おしぼりの歴史について

おしぼりの歴史について

こんにちは、皆さん。今日は、私たちの日常生活に深く根ざしているアイテム、おしぼりについて話しましょう。レストランや旅館、飛行機などで提供されるこの小さな湿ったタオルは、日本のホスピタリティの象徴とも言えます。しかし、その起源や歴史についてはあまり知られていません。それでは、おしぼりの歴史を探ってみましょう。

周囲を海に囲まれた島国日本は、温暖で湿潤な気候。
それに日本人の清潔好きな気質も手伝っておしぼりが誕生したと考えられています。

おしぼりの起源は、実はかなり古い時代に遡ります。一部の資料によれば、おしぼりは平安時代にまでさかのぼるとされています。当時、貴族たちは手を清めるために湿った布を使用していたと言われています。これがおしぼりの最初の形だったと考えられています。
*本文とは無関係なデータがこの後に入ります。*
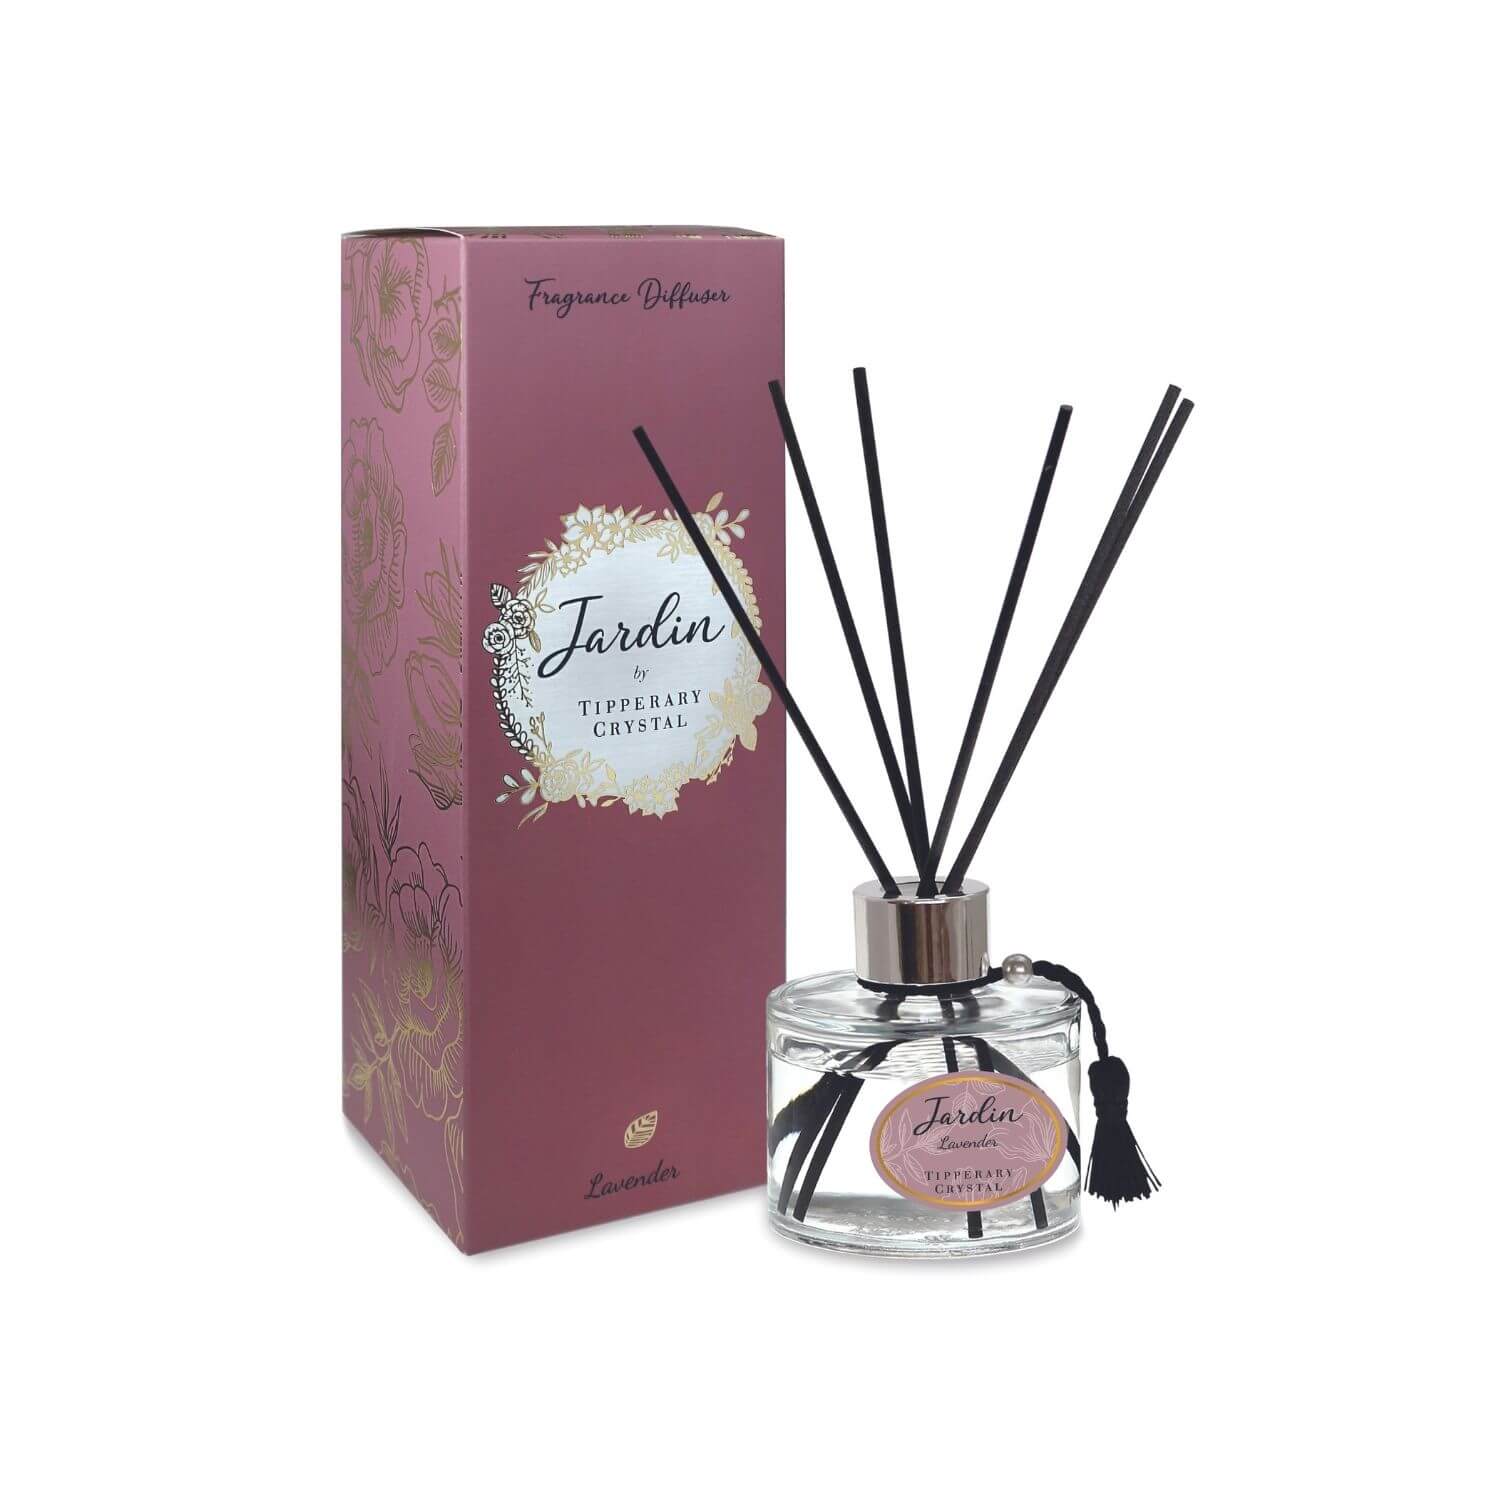 Tipperary Crystal Jardin Collection Diffuser - Lavender 1 Shaws Department Stores

江戸時代になると、おしぼりは庶民の間でも広く使われるようになりました。特に、飲食店や旅館では客人の手を清めるためにおしぼりが提供されるようになりました。これは、食事の前後に手を清潔に保つという日本の習慣を反映しています。

また、この時代にはすでに、冷たいおしぼりと温かいおしぼりの両方が存在していました。季節や天候によって、冷たいおしぼりが提供されることもあれば、温かいおしぼりが提供されることもありました。

綿のタオルがはじめて日本に輸入されたのが1868年と言われていますから、いわゆる「綿タオルのおしぼり」が誕生したのは、明治時代以降と思われます。

漫画バガボンドでは、宮本武蔵が布を川の水に浸して体を拭くシーンが出てきますが、古くから布に水を浸し体や手足を清潔にする習慣があったのではないでしょうか。
少なくとも、戦前から家庭でおしぼりを使う習慣があったようです。

戦時下の貧困生活の中では、とかく忘れられていた「おしぼり」を出すという習慣も戦後10年ほど経過した昭和30年頃に、飲食店向けに形を変えアメリカのリース方式を採り入れた貸しおしぼり業として家内工業的に始まりました。
当時は、貸しおしぼりを家庭用洗濯機で洗い、1本1本手巻き生産をし、レストランや喫茶店等に卸していたそうです。それが、業務用包装機や業務用洗濯機等の開発により、量産体制を可能にし、徐々に貸しおしぼり業者が増えていきました。

昭和39年の東京オリンピックを契機として、外食産業の発展とともにおしぼりのマーケットも広がり、当社でも昭和45年に現社長が脱サラしてこの業種に参入しました。

現代では、おしぼりは日本のホスピタリティの象徴として世界中に知られています。飛行機のファーストクラスやビジネスクラス、高級レストランなどでもおしぼりが提供されています。また、一部の国では、日本の影響を受けたレストランやホテルでもおしぼりが提供されています。

また、現代では使い捨てのおしぼりも普及しています。これは衛生的で便利な一方で、環境問題とも結びついています。そのため、再利用可能なおしぼりを提供する動きも増えてきています。

その後、紙製の使い捨ておしぼりが出現し、最近では自動おしぼり製造機も開発され、現在では、商品の多様化とともに、飲食店以外でもアミューズメント施設やゴルフ場、スパ施設、タクシー、美容室など様々な接客の場面で利用されるようになり現在に至っています。

おしぼりの歴史は、日本の文化と深く結びついています。そのため、おしぼりはこれからも私たちの生活に欠かせない存在として残るでしょう。しかし、環境問題への配慮や新たな技術の進歩により、おしぼりの形や提供方法も変わっていく可能性があります。

おしぼりは、日本のホスピタリティの象徴として、私たちの生活に深く根ざしています。その歴史は、日本の文化と深く結びついており、これからも私たちの生活に欠かせない存在として残るでしょう。